One of the issues with the GPU-based CYOLO (for example) is that it uses about 8GB of GPU memory meaning that, even on a GTX 1080 ti GPU card, it is only possible to have one instance of the CYOLO SPE on any one GPU card. A way around this is to run multiple streams through a single SPE instance. The architecture of rt-ai Edge always supported fan in (i.e. stream multiplexing) but not fan out (i.e. stream demultiplexing). The new FanOut module solves this problem. The screen capture above shows the new FanOut SPE running with the Intel NCS 2-based CSSD SPE. Video streams from three cameras are multiplexed on the CSSD SPE’s input pin. The multiplexed output is then passed to the FanOut SPE which demultiplexes the composite stream to up to eight individual streams. The screen capture also shows the FanOut configuration dialog – you just enter the source SPE name for the stream to be associated with each output pin.
Since my second NCS 2 has arrived I was able to run the triple NCS configuration shown above.

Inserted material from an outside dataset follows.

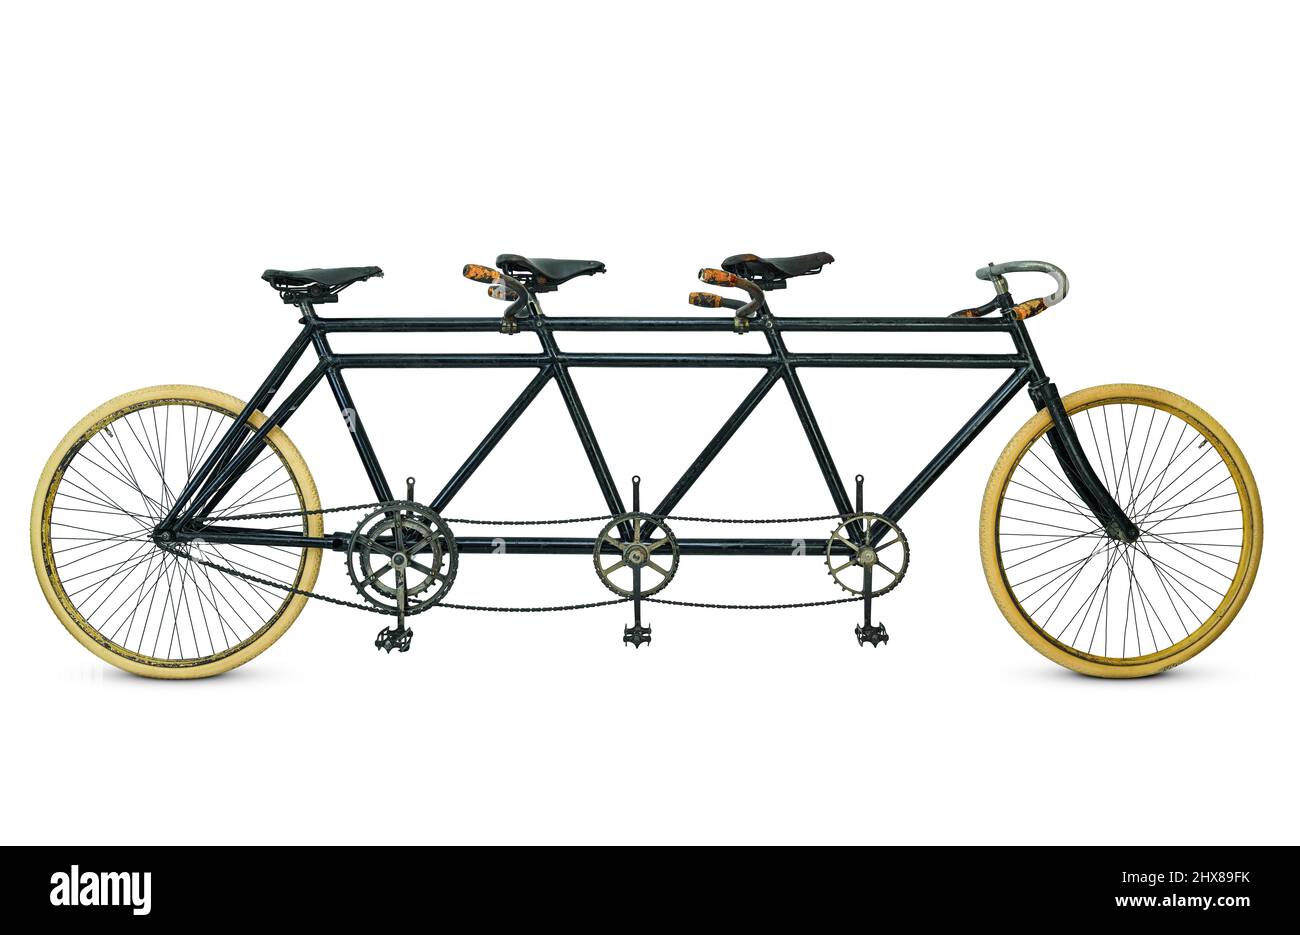 Adler Triplet, Frankfurt, Germany, 1897, side view, drive side. Number of gears: 0 Steel frame Wheel : 28' Special features: extra strong chains, but relatively light Stock Photo

The old NCS didn’t really contribute much in this case – the two NCS 2s were able to get an aggregate throughput of around 26 frames per second. This is shared between the three input streams of course.
The fan in/fan out multiplexing idea fits very well with the NCS 2 as you can just add more NCS 2s (or more likely, a special purpose multiple Myriad X board) to a node to increase aggregate throughput.

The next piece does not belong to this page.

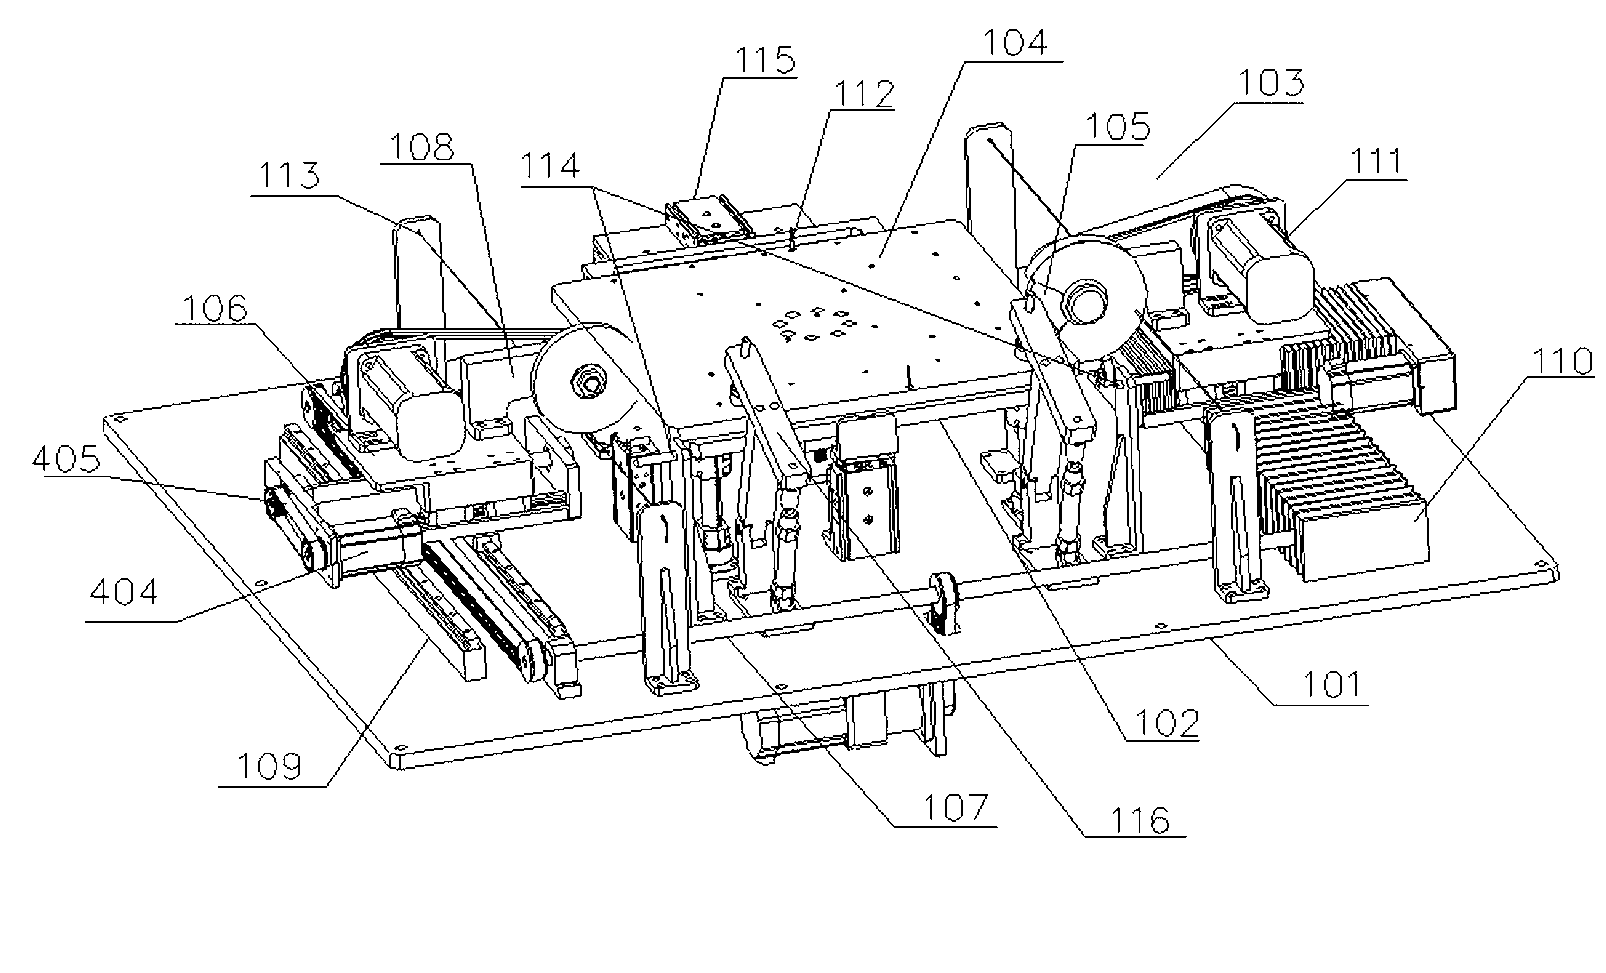 Full-automation grinding machine

I wanted a small and portable rt-ai Edge node using the Neural Compute Stick for demos and decided to base it on a Gigabyte BRi7H-8550 compact PC as it is the lowest cost, smallest footprint, device that I could find with a decent i7 CPU. This is fitted with 16GB of DDR4 DRAM and a 256GB NVMe M2 disk. Previously I needed a mini ITX board along with a GPU which is much bigger and heavier as can be seen below.
The node is running Ubuntu 16.04 along with standard rt-ai node management software and performs very nicely. A second NCS can be fitted on the front USB port and a small USB hub could be used if more than two are required. For demo purposes, a Windows or Ubuntu laptop runs rtaiDesigner for GUI-based control and status with the node acting as a headless inference server.
While this is primarily intended as a demo device, it would actually be quite a nice embedded inference node.